Fasting makes us angels – but prayer comes; Angels: Day 270

Fasting makes us angels – but prayer comes; Angels: Day 270 April 19, 2017

angels_john_chrysostom_2Fasting, says St. John Chrysostom, is an extraordinarily powerful thing. It makes us mortals into angels, and it fights the demonic powers. But more important even than fasting is praying—and  even if  you’re too weak to fast, you can still pray.

Fasting brings considerable power. It trains us in strictness, and makes a mortal into an angel, and fights against the demons. But it doesn’t do these things by itself. Prayer is needed too—and prayer must come first.

Why did Christ go up on the mountain? To teach us that loneliness and solitude are good when we pray to God. This is why you see him going away into the wilderness all the time, often spending the whole night there in prayer. He’s teaching us that, when we pray, we should look for the kind of quiet you find at that time in that place. The wilderness is the mother of quiet. It is a calm place, a harbor, that delivers us from all storms.
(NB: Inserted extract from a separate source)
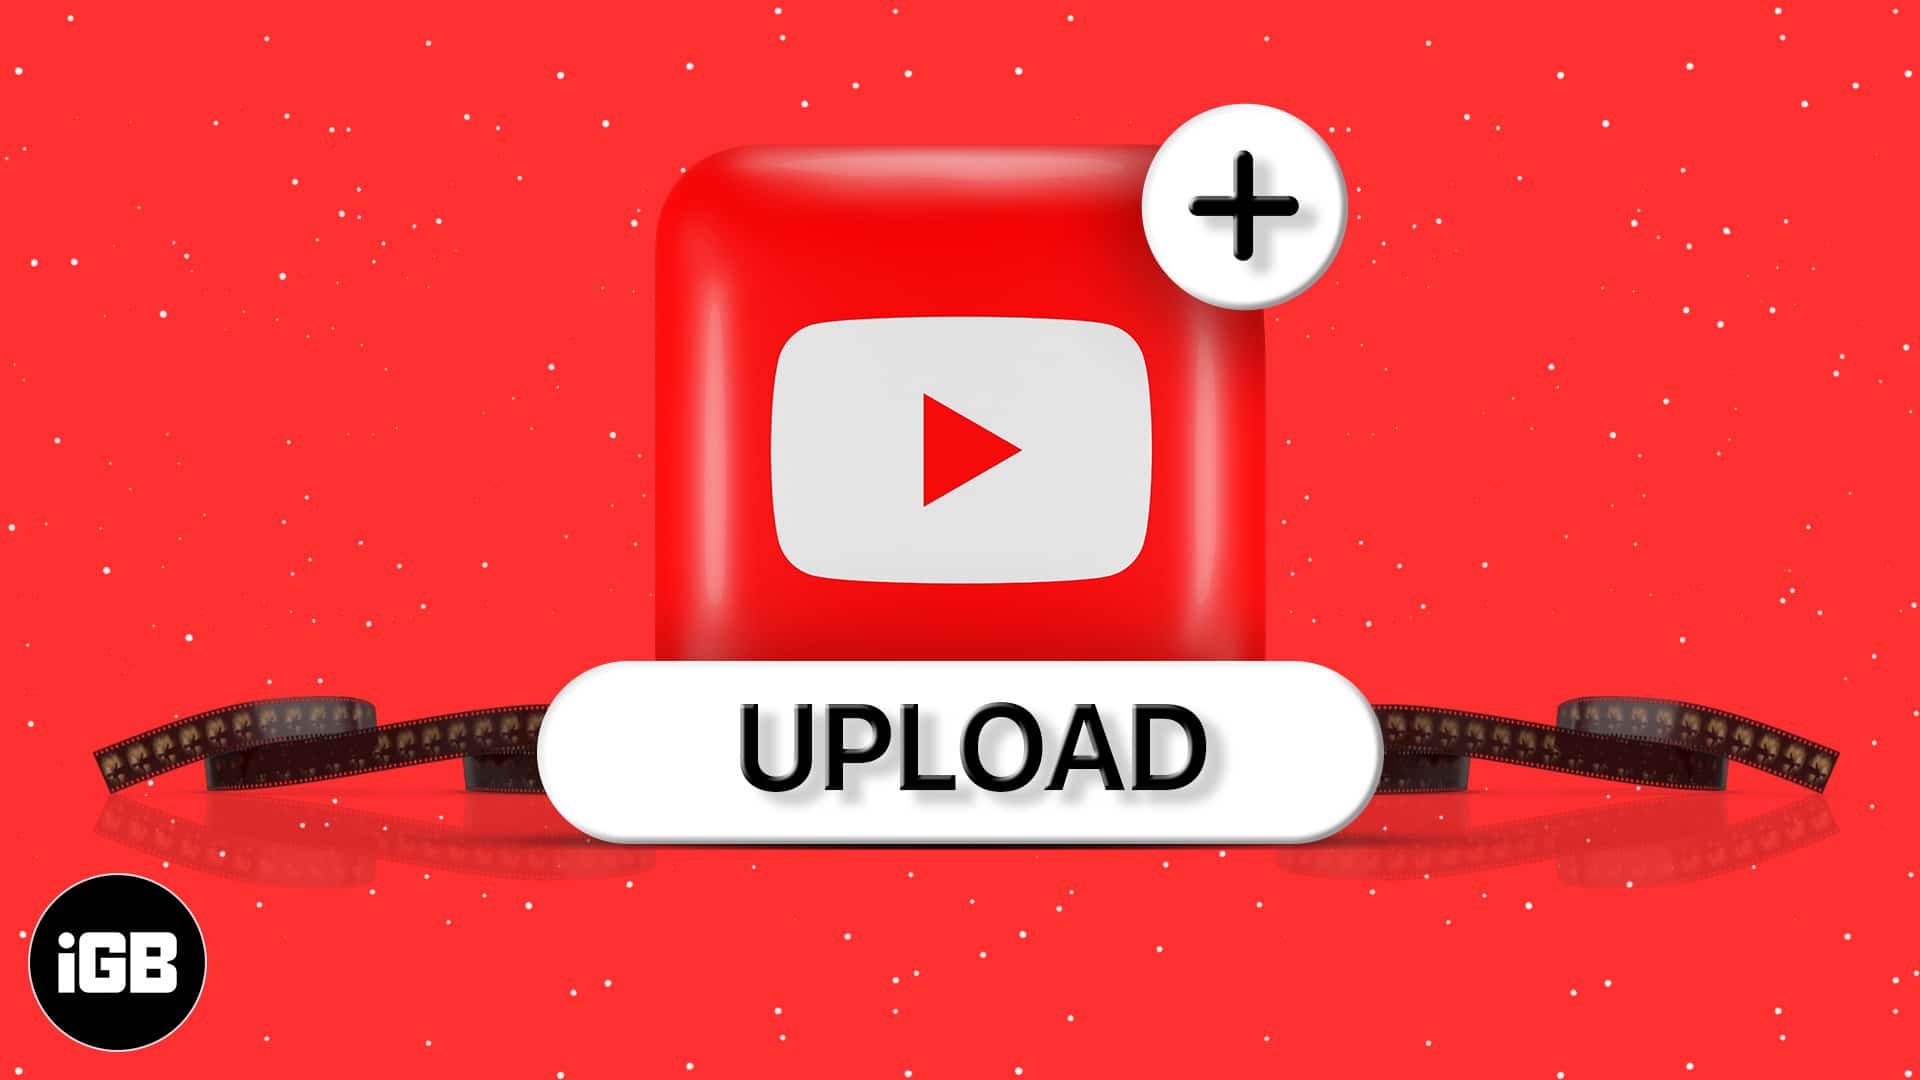 How to upload videos to YouTube from iPhone or iPad

Blessings come from both fasting and praying. If you’re praying the way you should, you don’t have many needs; and if you don’t have many needs, you can’t be covetous; and if you’re not covetous, you’re more likely to give alms. If you fast, you’re light and winged; you pray alertly, and put down your wicked lusts, and reconcile yourself to God, and humble your soul when you’re lifted up. This is why even the apostles were almost always fasting.

If you pray and fast, you have double wings. You’re lighter than the wind itself. And even if your body is too weak to fast continually, it’s still not too weak to pray. –St. John Chrysostom, Homily on St. Matthew 41, 1.57


Do I look at prayer as the angels do—as my sustenance, my limbs, my life? Is there a time and place where I can pray without distractions? Do I make use of it every day?


Lord, grant me a time when I can be silent in the presence of your angels, and meditate on nothing earthly, but only on you.